Ginecologista preso por suspeita de filmar paciente em Salvador é solto após audiência de custódia; investigação segue

O ginecologista Hosaná Pereira de Santana, preso na sexta-feira (10) sob suspeita de utilizar óculos com câmera para filmar uma paciente durante consulta em clínica privada no bairro da Vila Laura, em Salvador, foi solto no domingo (12) após audiência de custódia. A decisão, tomada pelo Tribunal de Justiça da Bahia (TJ-BA), considerou a prisão em flagrante ilegal, mas não encerra as investigações sobre o caso, que tramita em segredo de justiça.

De acordo com o TJ-BA, o juiz plantonista determinou o relaxamento da prisão ao entender que o crime investigado — com pena máxima de um ano de detenção — é de menor potencial ofensivo. Nesses casos, a legislação prevê a lavratura de um Termo Circunstanciado de Ocorrência (TCO), sem imposição de prisão em flagrante. O magistrado também apontou que, até aquele momento, não havia prova da materialidade do crime, já que policiais tiveram acesso ao celular do médico, ao aplicativo dos óculos inteligentes, ao armazenamento em nuvem, à lixeira e a arquivos apagados, mas não encontraram fotos ou vídeos relacionados à denúncia.

A suspeita surgiu a partir da percepção da paciente, que notou o uso dos óculos durante o exame ginecológico. Para o juiz, a restrição da liberdade exigiria um lastro probatório mínimo, o que não foi verificado no momento do flagrante. A decisão ressalta que o relaxamento da prisão não encerra a investigação e que a apuração dos fatos poderá continuar em procedimento próprio, caso surjam novos elementos de prova.

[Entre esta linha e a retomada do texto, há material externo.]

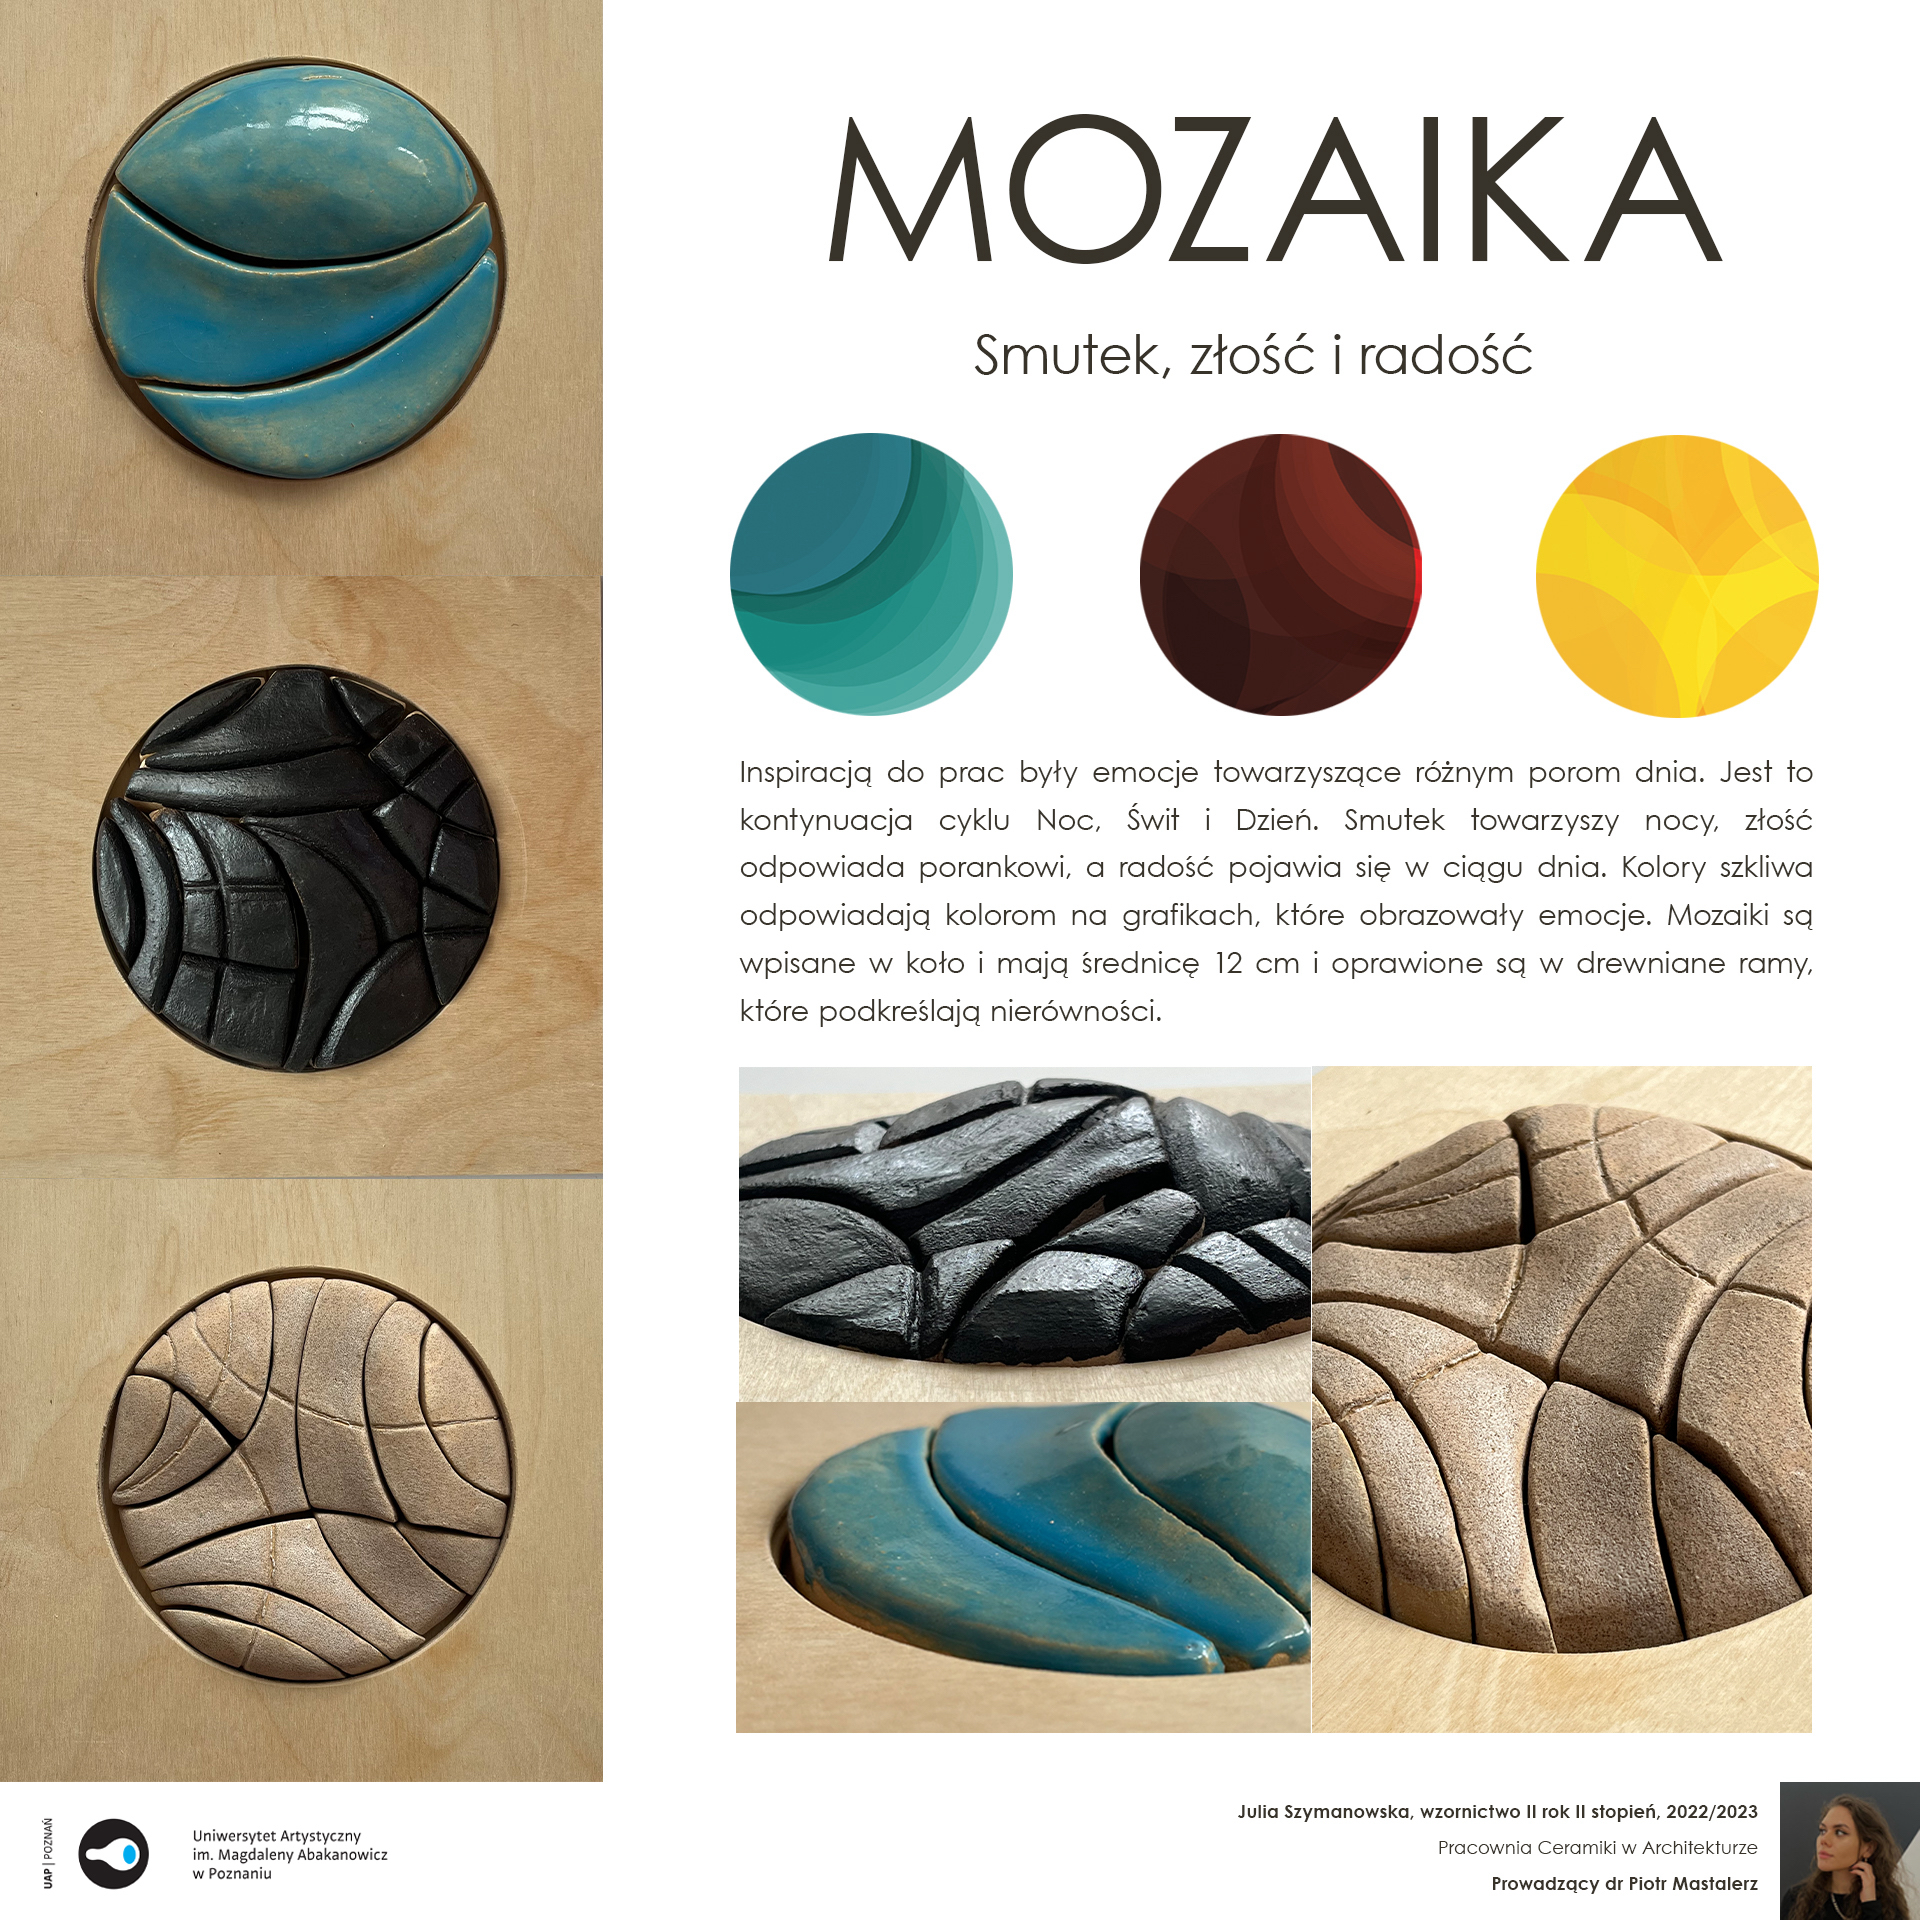 Opis alternatywny: Ceramiczne kompozycje w formie kolorowych kół.

Após a soltura, familiares do ginecologista divulgaram nota afirmando que ele é inocente e classificando o caso como um “grave episódio de injustiça”. A família alega que os óculos inteligentes utilizados pelo médico possuem lentes de grau e que o equipamento só grava imagens quando acionado manualmente, além de emitir um sinal luminoso durante a gravação. A nota também informa que Hosaná Pereira de Santana entregou voluntariamente seus dispositivos eletrônicos e senhas às autoridades e que não foram encontradas gravações relacionadas ao caso. A família ainda afirma que pretende buscar responsabilização pelas acusações que considera indevidas.

Panorama político e jurídico

O caso reacende o debate sobre os limites da privacidade em consultórios médicos e a aplicação de medidas cautelares em crimes de menor potencial ofensivo. A decisão do TJ-BA segue a jurisprudência que prioriza a liberdade do acusado quando não há provas robustas no momento da prisão, mas especialistas apontam que a investigação precisa ser aprofundada para evitar impunidade. A situação também levanta questões sobre o uso de tecnologias vestíveis em ambientes sensíveis, como clínicas e hospitais, e a necessidade de regulamentação mais clara para proteger pacientes.

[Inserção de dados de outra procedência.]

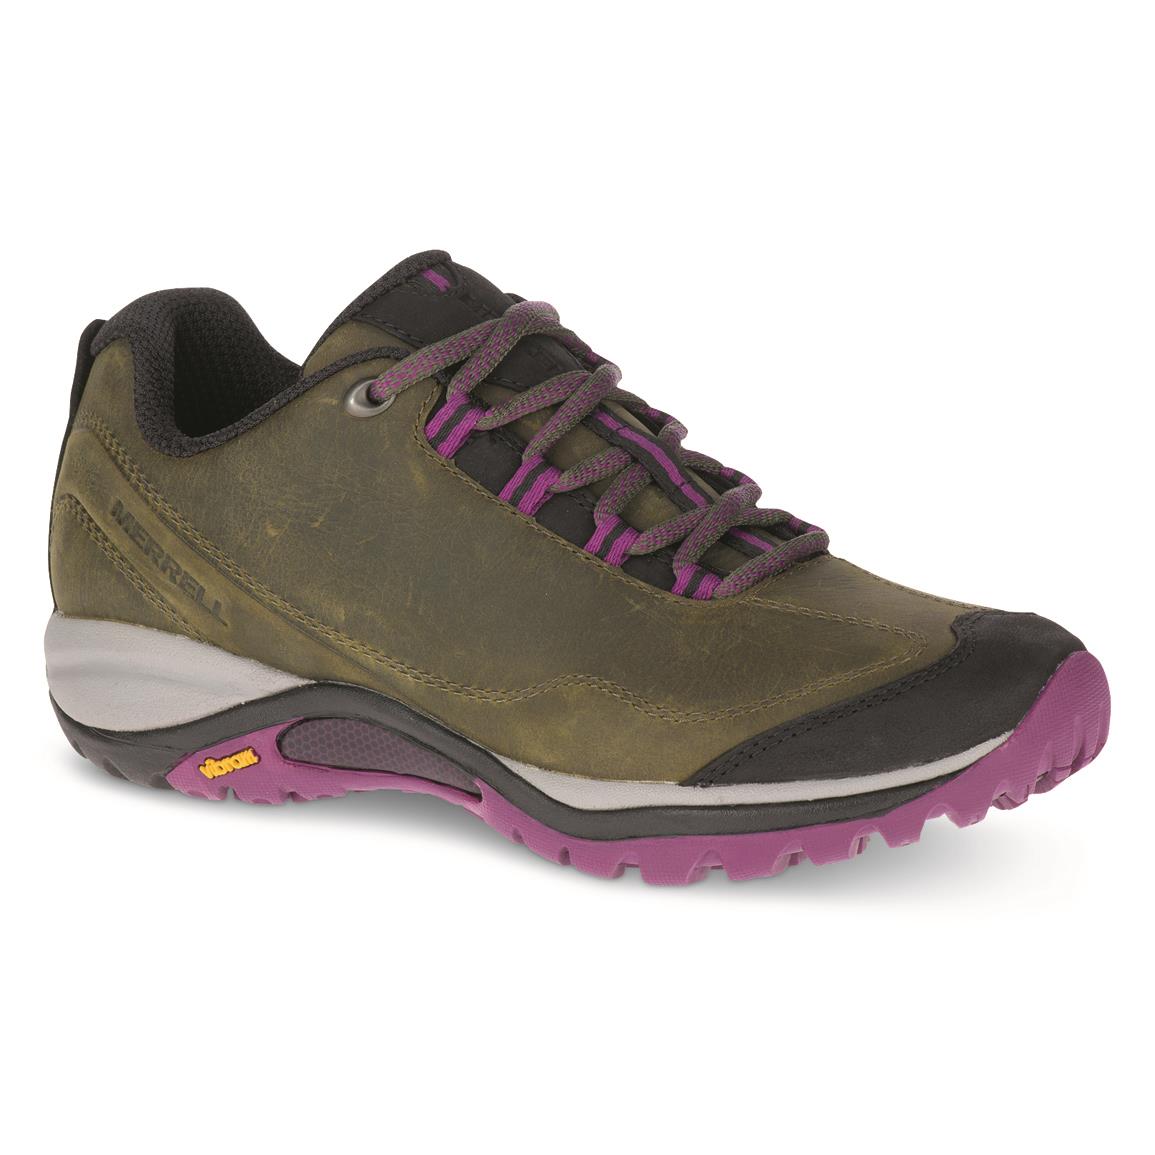 Merrell Women's Siren Traveller 3 Hiking Shoes, Olive/purple

O caso ganhou repercussão nacional e gerou reações de entidades médicas e de defesa dos direitos das mulheres. Enquanto a investigação prossegue, a sociedade aguarda novos desdobramentos que possam esclarecer se houve ou não violação da intimidade da paciente. A decisão judicial, embora técnica, não encerra o debate ético e jurídico sobre o tema.